Engineers working to add muscle sense, or proprioception, to prosthetic limbs found that tactile feedback on the skin allowed blindfolded test subjects to more than double their ability to discern the size of objects grasped with a prosthetic hand. The results will be presented June 7 at the World Haptics 2017 conference in Fürstenfeldbruck, Germany, by researchers from Rice University (Rice) and the Research Center E. Piaggio of the University of Pisa, Italy, and the Italian Institute of Technology (IIT), Genova.
The Rice Haptic Rocker uses a rotating arm to brush a soft rubber pad over the user’s skin. The more a prosthetic hand closes, the more the pad brushes the skin. Photograph by Brandon Martin, courtesy of Rice University.
“Humans have an innate sense of how the parts of their bodies are positioned, even if they can’t see them,” said Marcia O’Malley, PhD, professor of mechanical engineering at Rice. “This muscle sense is what allows people to type on a keyboard, hold a cup, throw a ball, use a brake pedal, and do countless other daily tasks.”
Researchers in O’Malley’s Mechatronics and Haptic Interfaces (MAHI) Lab have worked for years to develop technology that would allow people with amputations to receive proprioceptive feedback from prosthetic limbs. While some proprioceptive technologies require surgically implanted electrodes, the Rice Haptic Rocker has a noninvasive user interface—a rotating arm that brushes a soft rubber pad over the skin of the user’s arm. At rest, when the prosthetic hand is fully open, the rocker arm does not stretch the skin. As the hand closes, the rocker arm rotates, and the more the hand closes, the greater the skin is stretched.
In the paper being presented in Germany, O’Malley and colleagues demonstrated that 18 able-bodied test subjects performed significantly better on size-discrimination tests with a prosthetic hand when they received haptic feedback from a simple skin-stretch device on the upper arm. The study is the first to test a prosthesis in combination with a skin-stretch rocking device for proprioception, and is a finalist for the best paper award at the conference.
In experiments at Rice beginning late last year, University of Pisa graduate student Edoardo Battaglia and Rice graduate student Janelle Clark tested MAHI’s Rice Haptic Rocker in conjunction with the Pisa/IIT SoftHand.
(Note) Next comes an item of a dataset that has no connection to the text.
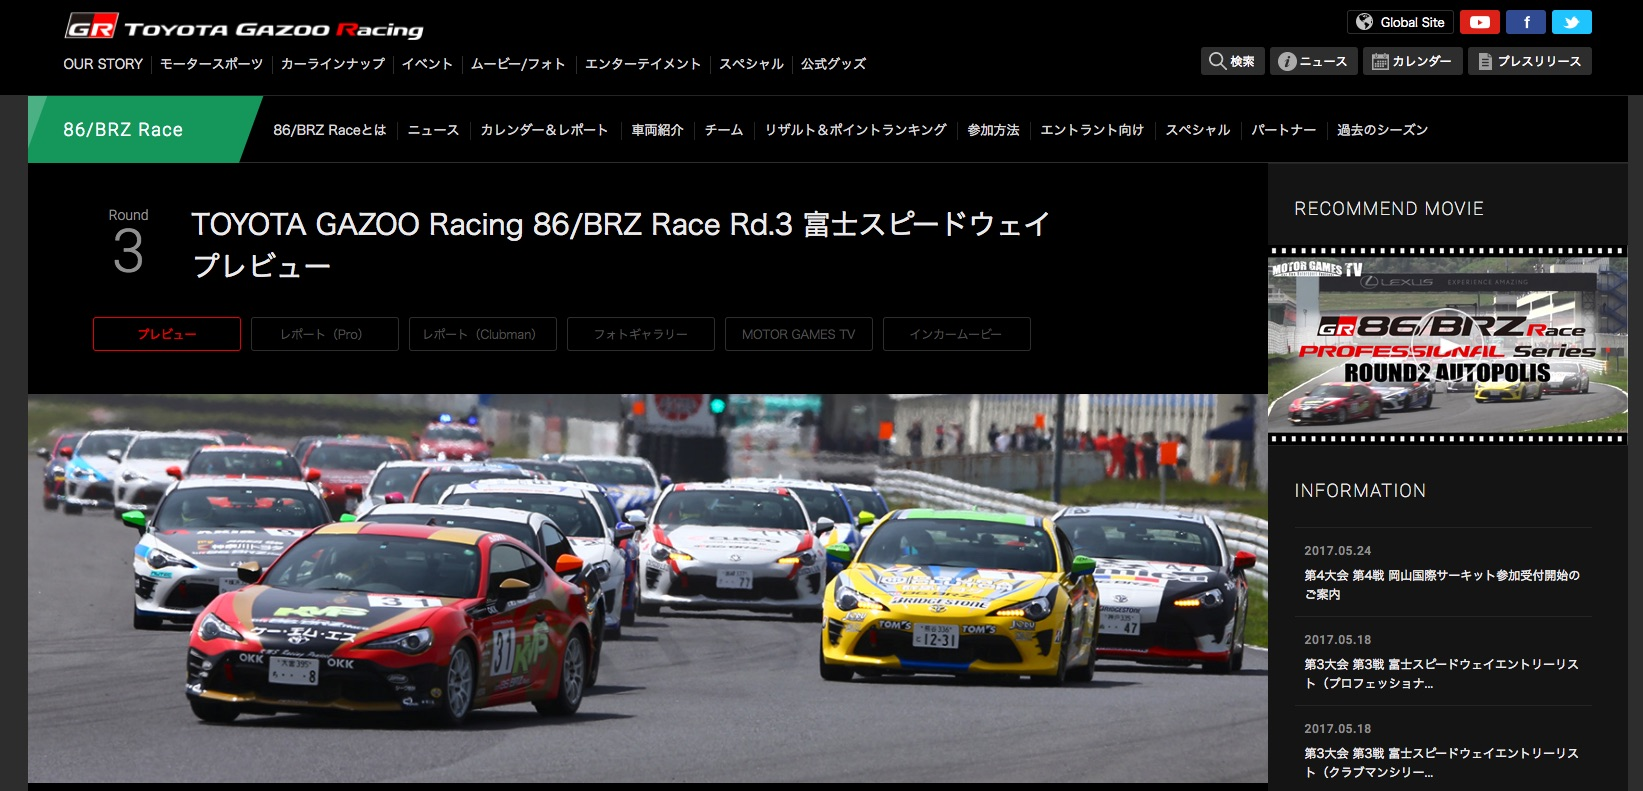 86 / BRZ Race Rd.3 Fuji Speedway / 2017.6.3 ~ 4

They measured how well blindfolded subjects could distinguish the size of grasped objects with and without proprioceptive feedback.
“We’re using the tactile sensation on the skin as a replacement for information the brain would normally get from the muscles about hand position,” Clark said. “We’re essentially mapping from feedback from one source onto an aspect of the prosthetic hand. In this case, it’s how much the hand is open or closed.”
In tests, subjects used the SoftHand to grasp objects of varying shapes and sizes, ranging from grapefruit-size balls to coins. To close the hand, subjects flexed a muscle in their forearm. Electrodes taped to each subject’s arm picked up electric signals from the flexing muscle and transmitted those to the motor in the SoftHand. For the size-discrimination test, subjects were blindfolded and asked to grasp two different objects. They were then asked which of the two was larger. Without haptic feedback, the blindfolded subjects had to base their guesses on intuition. They chose correctly only about 33 percent of the time, which is what one would expect from a random choice. When they performed the same tests with feedback from the Rice Haptic Rocker, the subjects correctly distinguished the larger from smaller objects more than 70 percent of the time.
The researchers are following up to see if people with upper-limb amputations get a similar benefit from using the haptic rocker in conjunction with the SoftHand.
Editor’s note: This story was adapted from materials provided by Rice University.